Bapak dan Ibu Somad terlihat frustasi di kamar mereka, Bu Somad duduk di sudut ranjang dengan matanya yang sudah membengkak karena tidak berhenti menangis semalaman. Sedangkan suaminya berdiri di dekat jendela melepas pandangan jauh ke halaman samping rumahnya yang digunakan sebagai tempat menjemur kain yang telah selesai proses pewarnaan.
Sementara di kamar lain putri sulung mereka menggulung dirinya di dalam selimut dengan perasaan hati yang sangat kalut, ia tidak mau jika lamaran yang akan segeda dilakukan oleh kekasihnya batal.
"Pak, gimana ini? Bapak harus melakukan sesuatu, Ibuk enggak mau ya kalau sampe nanggung malu! Nama baik keluarga kita bisa hancur, kita bakalan jadi sampah kalau sampai Amellia batal menikah. Bapak dipenjara, usaha kita bangkrut, dan sekolah Dino dan Doni berantakan," Bu Somad terus mendesak suaminya untuk mencari jalan keluar, ia tidak mau keluarga yang selama ini hidup enak karena hasil korupsi suaminya mendadak harus hidup susah sekaligus menahan malu.
Pak Somad mendekati lemari mengambil buku tabungannya dan memerintahkan istrinya untuk mengambil semua perhiasannya.
"Cepet, Buk, ambil semua perhiasan kamu, kita hitung apakah cukup untuk membayar ganti rugi!"
Bu Somad tampak enggan untuk menuruti perintah sang suami, tentu saja dia merasa sayang untuk menjual semua perhiasannya.
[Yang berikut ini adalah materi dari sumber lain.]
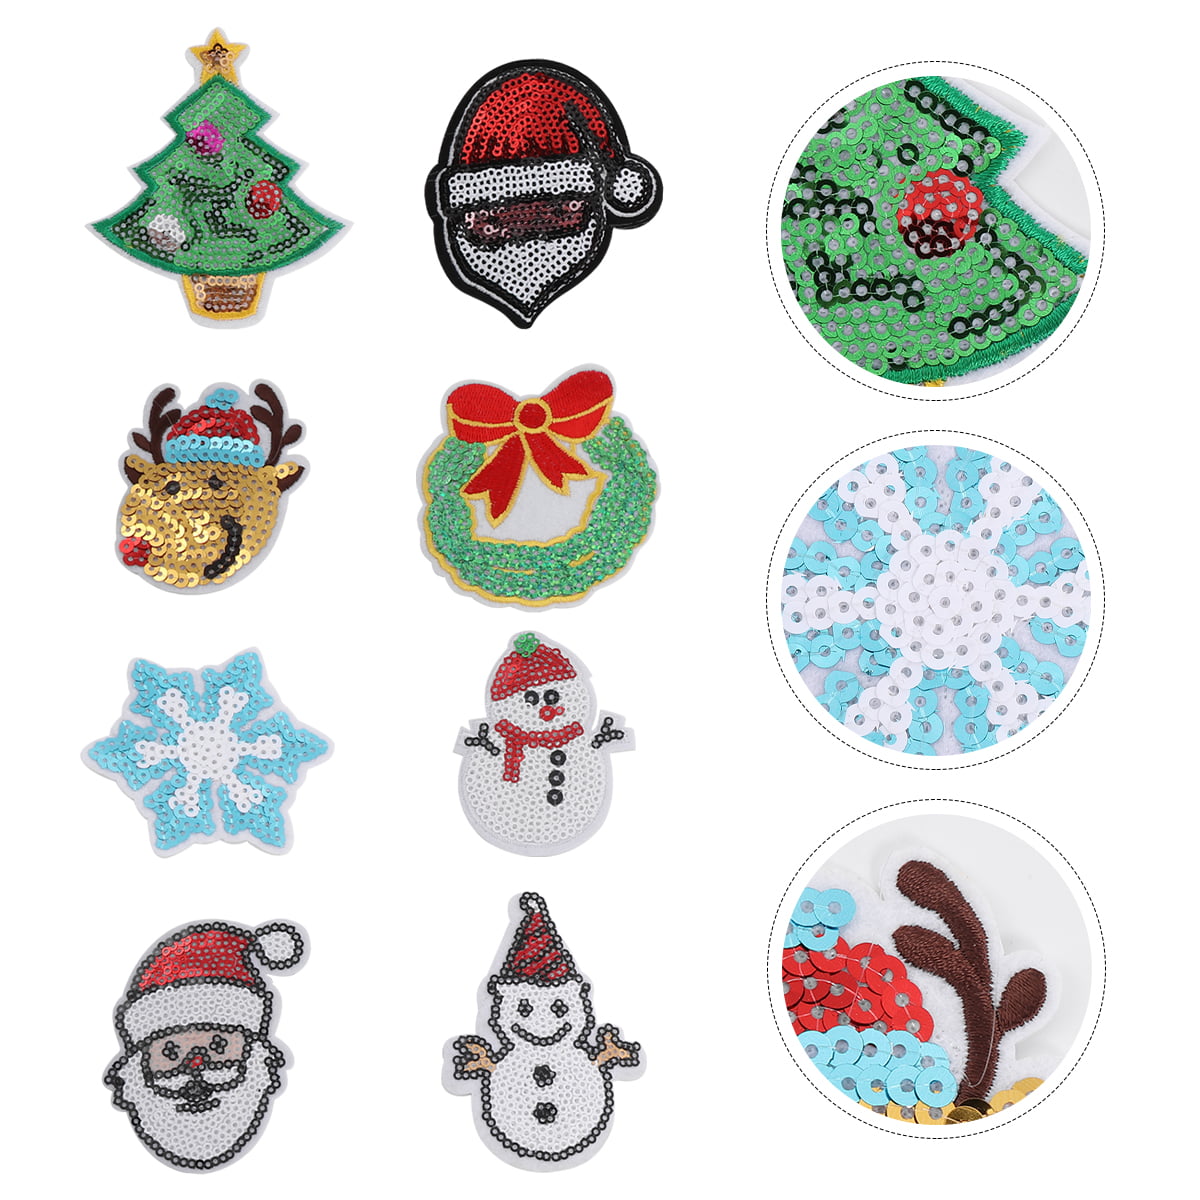 Abaodam Christmas Patches 20 Pcs Embroidery Patches Christmas Decor Holiday  Embroidered Patches Christmas Clothes Appliques Stylish Christmas
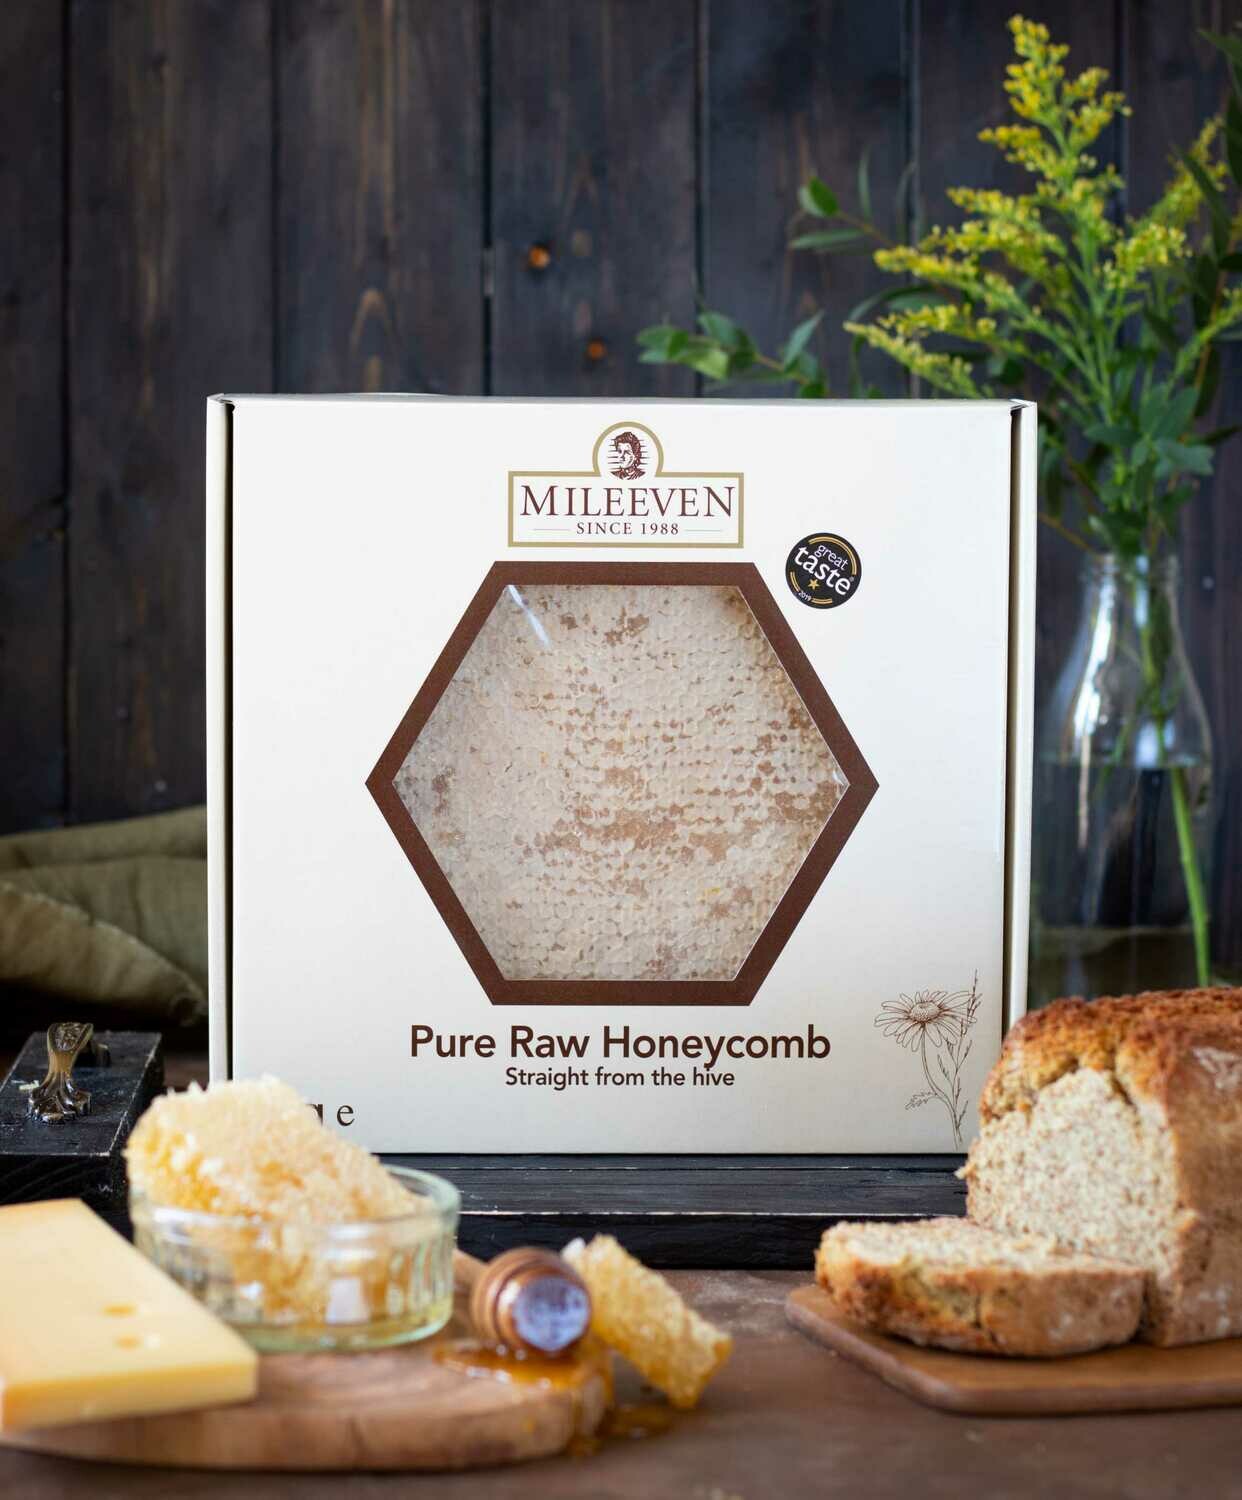 Award Winning - Mileeven 1Kg Pure, Raw Honeycomb, Straight from the Hive

Tapi melihat kedua mata suaminya yang melotot membuat nyalinya menciut, akhirnya dia mengambil semua perhiasan dan surat-suratnya.
Cukup lama Pak Somad menghitung hartanya, lalu meraup wajahnya dengan frustasi. Melihatnya sang istri yang merasa penasaran membuka suara.
"Bagaimana, Pak?"
"Harta kita ini, walaupun ditambah menggadaikan sertifikat tanah dan rumah tetap saja masih kurang untuk membayar ganti rugi, Buk!"
Tubuh Bu Somad sudah melunglai lalu dari bibirnya yang hari ini tidak sempat ia poles dengan lipstik merah menyala seperti biasanya mulai keluar berbagai rintihan.
"Bagaimana ini, Pak? Pokoknga Ibuk enggak mau nanggung malu! Apalagi harus hidup susah!"
"Diamlah, Buk! Jangan ganggu Bapak yang lagi berfikir!"
Bebarapa saat Pak Somad hanya berjalan mondar-mandir di dalam kamarnya, kadang termenung seperti memikirkan sesuatu.
Menganggukkan kepala, lalu menggeleng seperti sedang menimbang sesuatu yang berat, lalu terbitlah sebuah tekad agar keluarganya tetap bisa hidup enak walaupun kehormatan di desanya sudah lenyap, tapi setidaknya ia dan keluarganya tidak akan hidup miskin dan dia tidak akan mendekam di balik jeruji besi.
* Dita Andriyani *
Hari belum terlalu siang saat Canting tengah menorehkan lilin panas di atas kain mori yang telah terukir pola di atasnya motif jlamprang adalah motif batik yang sedang ia buat kali ini, pipi mulusnya tidak hentinya mencekung karena senyum yang tidak henti ia kembangkan saat bercengkrama dengan rekan-rekan kerjanya. Mereka duduk mengitari sebuah kompor minyak kecil dengan wajan mengepul di atasnya, tangan-tangan terampil bergantian menciduk lilin cair dengan canting dan menorehkannya pada kain yang mereka pegang dengan tangan kiri.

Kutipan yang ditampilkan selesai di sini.